Supper clubs were popular, even during times of rationing, according to the historical society.

Fast food is blamed in part for contributing to the demise of many of the original supper clubs. 

The home version of these dinners, however, is alive and well, presented in various versions, sometimes as a Friendsgiving, sometimes as small-group church ministries, and sometimes, as extended family gatherings.

Providing nourishment for the body, mind and soul, they provide a seat at the table for those seeking a kinship with others.

Smith’s advice for those wishing to start a supper club would be to stay open-minded to whom they invite.

“You can learn something from everyone,” Smith said. “The best advice I’ve gotten from them is to not work so much that it puts your family second, and to take time for yourself.”

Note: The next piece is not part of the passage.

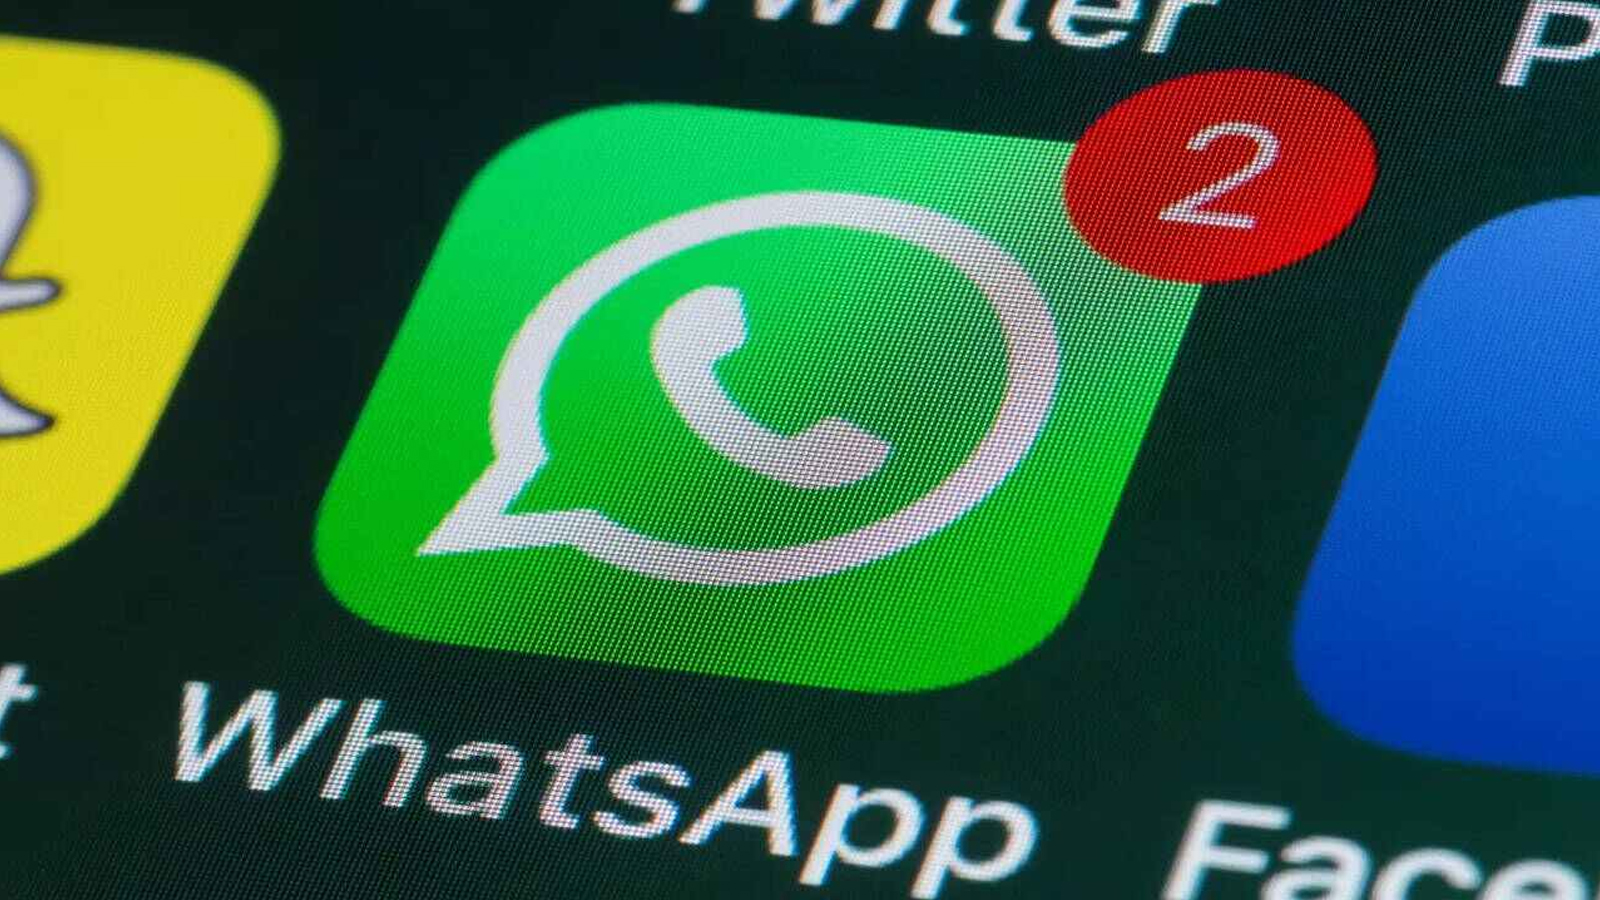 WhatsApp Block Feature

The club was a necessity for Sonja.

“I was so busy working for a number of years that I almost lost my family,” Sonja said. “I put my work first. Doing this supper club was a great way to get connected. It is about community and being more than just me, myself and I.”

The supper club allowed her to reconnect with family, get to know her neighbors and make new friends.

For Smith, whose relatives still live in Louisiana, her supper club friends are her home away from home.

“I know they are the first people I can call if I need anything,” she said.